When these 2 observation approaches were combined again, we found that out of the 167 genes in the 3 cluster groups (Fig. 2A, Tables 1 –3), independent data from the van Dartel [17] study showed differential expression for 49 of these genes (29%, compared to 6% for the whole-genome data). Of these, 18 early expressed genes were all found in the stem cell development group (group 1). Of the 4 mid-phase expressed genes, 2 were found in the stem cell development group and 2 in the organ development group (group 2). Of the 26 late expressed genes, 2 were found in the stem cell differentiation group, 4 in the organ development group, and 20 in the muscle/heart function group (group 3). Finally, one gene with both early and late high expression was found in the stem cell development group.

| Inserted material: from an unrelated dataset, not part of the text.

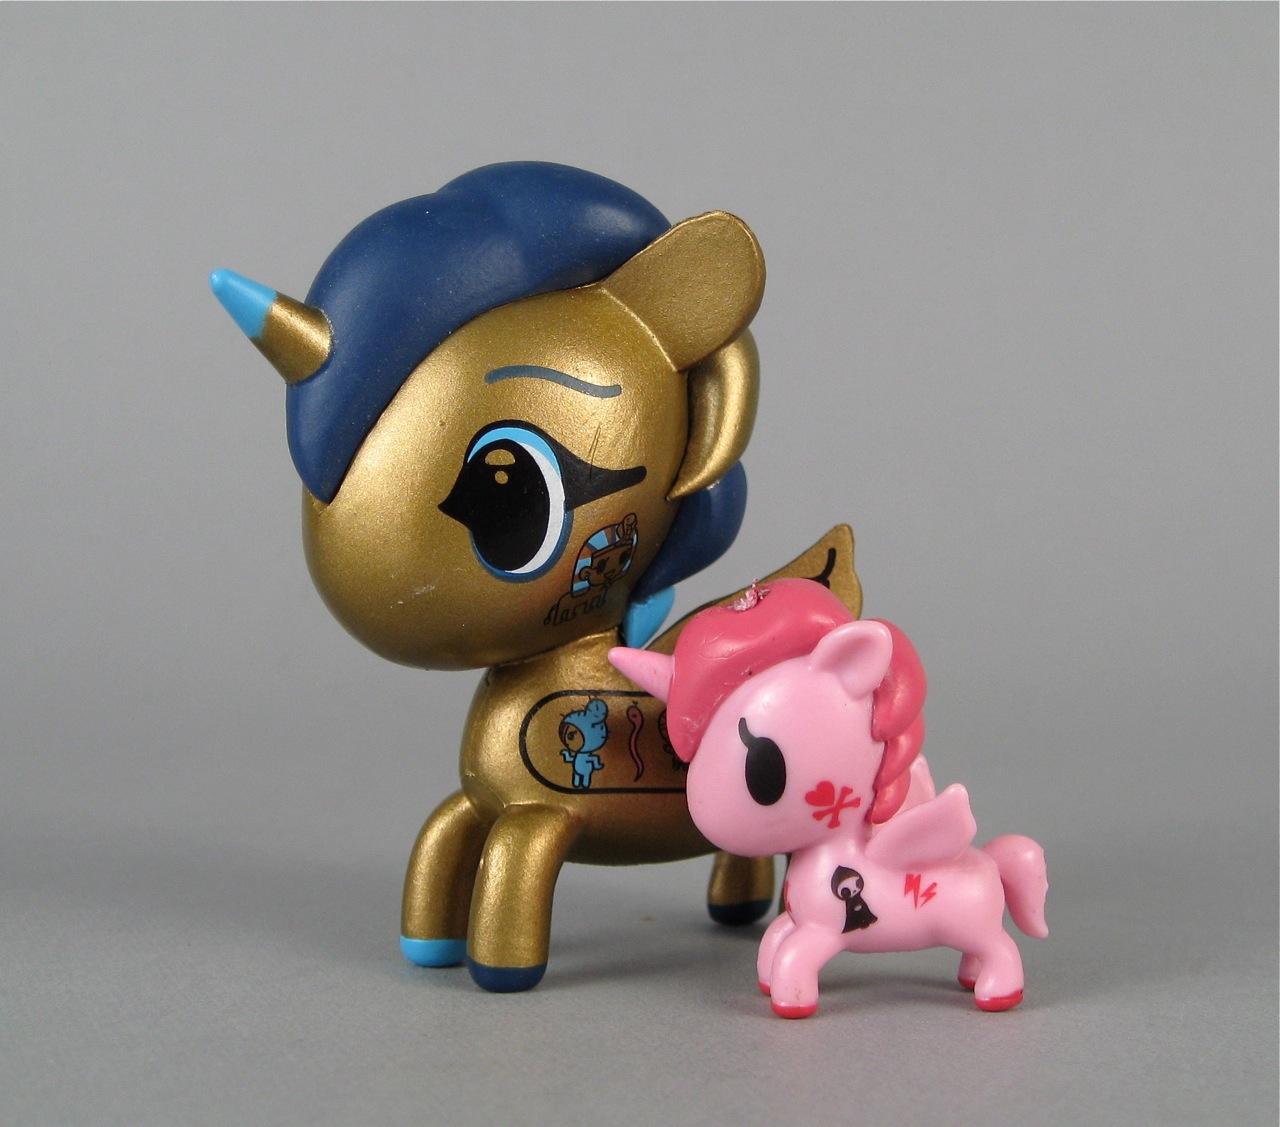 Unicorno and Unicorno Frenzies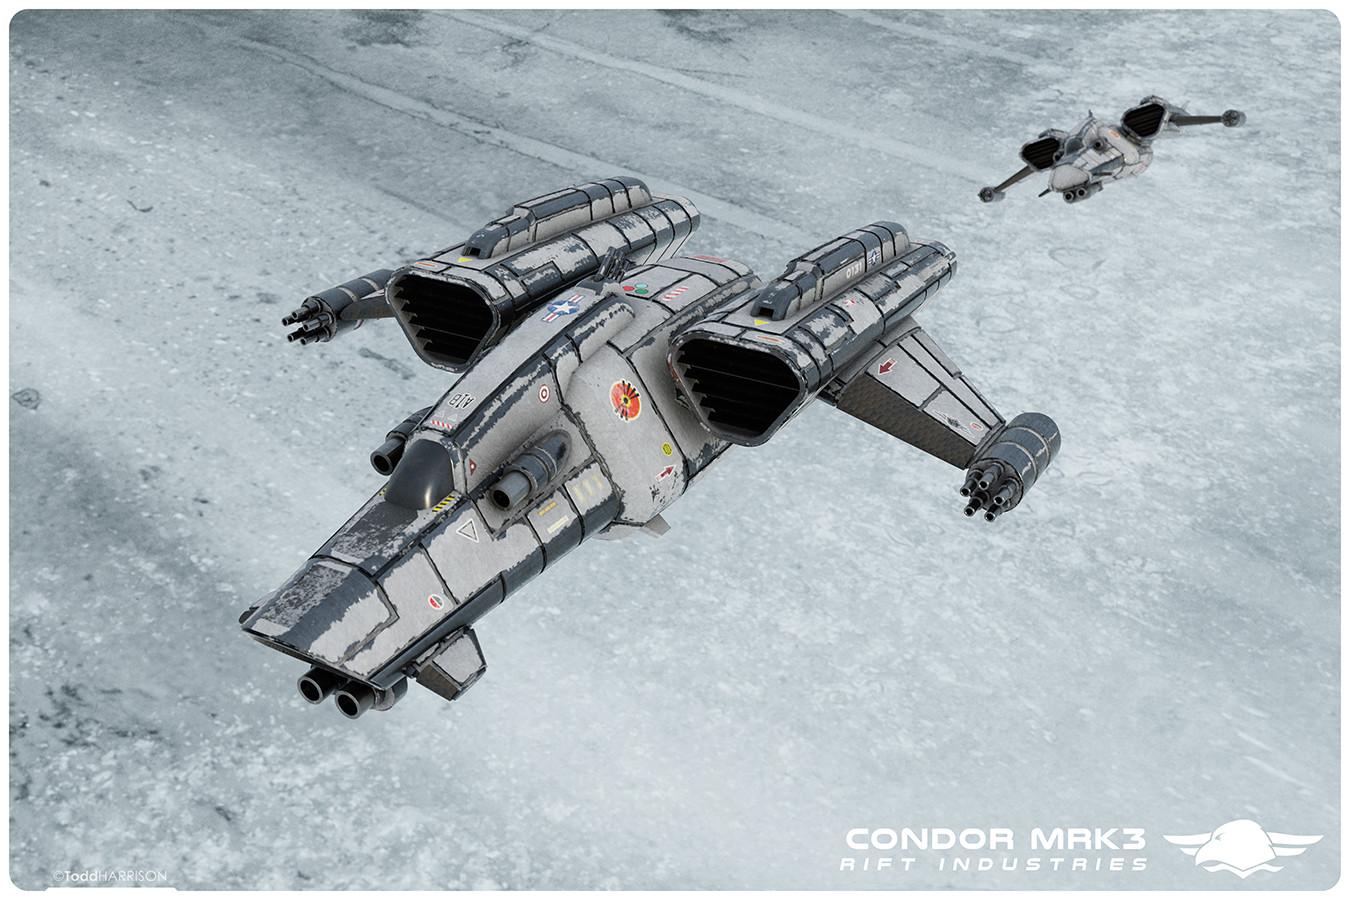 Todd harrison ri condor mrk3 pair over glacial fields web

Novel ESC cardiac differentiation genes
Using Gene Ontology for functional annotation of the genes in the ESC development network, we found that, of the 927 genes, 521 could be associated with GO processes relevant for ESC differentiation, and 418 with related Anni textmining concepts. Leaving out these genes left 327 genes not yet described to be involved in ESC differentiation, 165 and 162 of which were located at the left- and right-hand side of the network, respectively. Of these novel genes, 43 were also part of a significantly dense MCODE cluster with a functional enrichment for a GO term related to ESC or cardiac differentiation, making them candidate genes for having a corresponding function assigned to them. These 43 genes are listed in Table 4 and indicated (in dark red, dark green, or dark blue) in Fig. 2. Concerning the overlap with other pathways found previously, among these novel genes there were no genes involved in cell proliferation, there were 3 transcription factors (Rcor2, Zfp57, and Zfp503), and one heat shock protein (Hspb3).
Discussion
Since its introduction, microarray technology has grown to become used in over 6,000 PubMed publications per year. The growth in the number of studies published has been followed by the development and application of various methods for combined or meta-analysis (reviewed in [24]). However, there are several practical issues related to such analyses of gene expression data, and one major hurdle is the limited public availability of the complete raw or normalized data sets used in literature studies. Several approaches to combined or meta-analyses have been published in the last few years, and although this field is still developing, it becomes apparent that no single best method exists as the suitability of an approach will depend on the nature and quality of available data. In this study we propose an approach that is not based on the actual re-analysis of original data, but on the co-occurrence of genes based on processing of gene sets derived from these data. One of the rationales behind our approach is the need for a combined analysis that allows inclusion of large numbers of literature microarray study results, even if the full original data are not (or not easily) available. Our algorithm for network construction allows the inclusion of almost any published study and further does not require elaborate data processing or new software implementations; R and Cytoscape are freely available and already familiar to most bioinformaticians. The algorithm used by us is available as Supplementary Data (available online at
The 3 underlying concepts for our approach have each already been described on their own. First, coexpression or coregulation networks [8] have become a commonly applied method to infer novel gene functionality [7,9 –11]. Second, algorithms for determining gene co-occurrence in literature publications have been applied in textmining applications [25 –28]. However, whereas textmining is mostly based on literature abstracts or database description fields, our approach specifically searches in (supplementary) tables, allowing the use of information that would otherwise have been overlooked. Third, employing gene sets rather than full microarray data on the one hand or literature abstracts on the other has been described in several applications [29 –32]. These approaches, however, look for statistically significant overlap between lists, or to an experimental gene set supplied by the user. Therefore, the combination of these methods provides a novel integrated type of approach that should be able to incorporate some of the advantages of each of the underlying methods. A potential weakness of our approach is that the quality of the gene set collection taken as the starting point for this method will depend on the quality and relevance of the input data. We had to rely on the analyses done by the authors of the underlying studies, including the assessment of the reviewers and editors responsible for the process of peer review.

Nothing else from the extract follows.